Доктор, удобно устроившись, думал, что завтра надо подняться в семь часов. Великий человек сидел сгорбившись, усталый, всем чужой. Он словно прозрел от тумана непомерного самолюбия, которое хмелило его голову, заслоняя истинное значение событий и лиц; он вдруг увидел души всех этих людей и свою полную отчужденность, свое глухое беспросветное одиночество на земле. Ему мерещилась серенькая церковь где-то на краю света, и в ней простые, бедные, но очень умные люди слушают его проповедь. «Мы пойдем за тобою», — говорит девушка, стоящая впереди всех; у нее лицо Колымовой… Он взглянул на нее, и за много лет его сердце впервые дрогнуло.

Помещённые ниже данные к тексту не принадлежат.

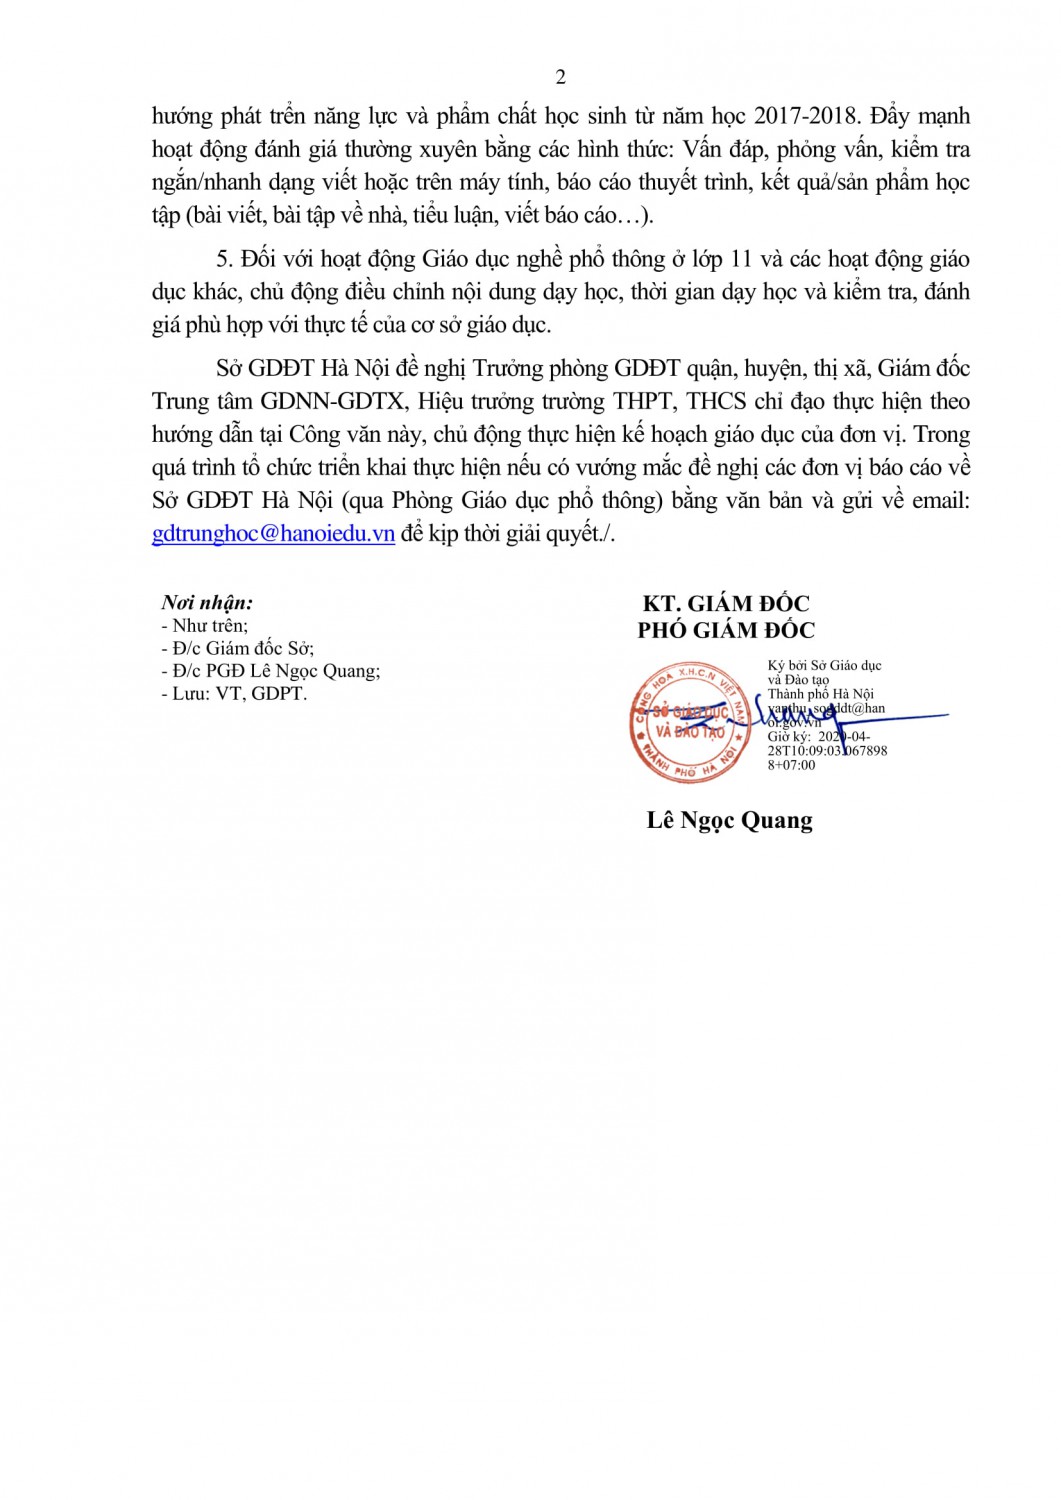 VP Kiem tra danh gia HK2 2019 2020 (28 04 2020 10h09p20) signed 2

— Спасибо, — сказал офицер. Хмель опять одурманил сознание философа, и все окончилось.
В передней позвонили; актриса нервно повела плечами и проговорила, взглянув на офицера.
— Ах, я испугалась! — Она засмеялась и таким образом могла сбросить с лица выражение грусти и перейти к другому.
Вошел новый гость в черном сюртуке, который был слишком широк — словно с чужого плеча.
У него была большая голова на тонкой шее, ясные детские внимательные глаза под старым морщинистым лбом и совершенно бритое, вытянутое лицо с длинным любопытным носом; редкие рыжеватые волосы вихрами торчали на темени.
— Делаю общий нижайший поклон, — сказал он, рассеянно и в то же время любопытно оглядывая общество.
— Потому что… потому что случилось огромное несчастие.
Он стал обходить всех по очереди, незнакомым говорил: «Слязкин», причем пожимая руку одному, глядел на следующего. Его галстук съехал набок.
— Здравствуйте… Это несчастие которое… которое… Здравствуйте! — Которое поразит весь мир. — Слязкин, приват-доцент…
— Какое несчастие? — сказал великий человек. — Интересно.
— Когда я прочел эти несколько строк, я буквально… Здравствуйте, батюшка… Буквально… Позвольте представиться: Михаил Иосифович Слязкин… Буквально… Кто это у вас сидит там, в передней?
— В какой передней? — спросил хозяин. — Рассказывайте.
Слязкин долго еще томил собравшихся и наконец рассказал, что получилась телеграмма, извещающая о смерти величайшего человека; он назвал имя мировой известности.
— Собственно, он еще жив, — вскользь заметил Слязкин. — Но я чувствую, что судьба погрозила ему костлявым пальцем.
Хозяин возразил взволнованному приват-доценту:
— Болезнь несерьезная. У него крепкий организм.
Михаил Иосифович сказал:
— Я чувствую, что вы хотите меня успокоить и крайне благодарен вам за ваше старание. Дай Бог, чтобы вы не ошиблись. Но на меня эта сме… то есть, эта телеграмма произвела удручающее впечатление, — раздвинув большой и указательный палец правой руки он как бы показал приблизительные размеры этого впечатления. — На всякий случай я решил набросать несколько строк.
— О чем? — спросил хозяин.
— Я попрошу у общества разрешения сесть, потому что положительно я слишком взволнован. Я им всем сказал: ни за что не допущу, чтобы этот некролог писал кто-нибудь другой, кроме меня… Я его слишком люблю и… вот ммэ… я набросал несколько строк, — продолжал он и повторил прежнее движение большим и указательным пальцем. — Я написал сегодня же, чтобы впоследствии скорбь разлуки не омрачила ясности изложения.
Голос его задрожал, и он едва сдерживал слезы.
Актриса ушла в другую комнату, кусая губы. За дверью она так расхохоталась, что заплакала. Нехорошев тотчас же привел офицера.
— Успокойтесь, — сказал ей Щетинин, усаживаясь и согнув углом длинные ноги. — Подумайте о чем-нибудь печальном, например, о смерти вашей матушки.
— Как вы угадали? — сказала актриса и в волнении схватила его за руку. — Вы умеете предсказывать? Скажите мне.
Узкие холодные глаза Щетинина сделались неприятно внимательными.
— Виноват, — произнес он, — вы позволите? — Он взял ее тонкую изящную руку с оточенными крашенными ногтями, поднес к своему носу и внимательно стал нюхать.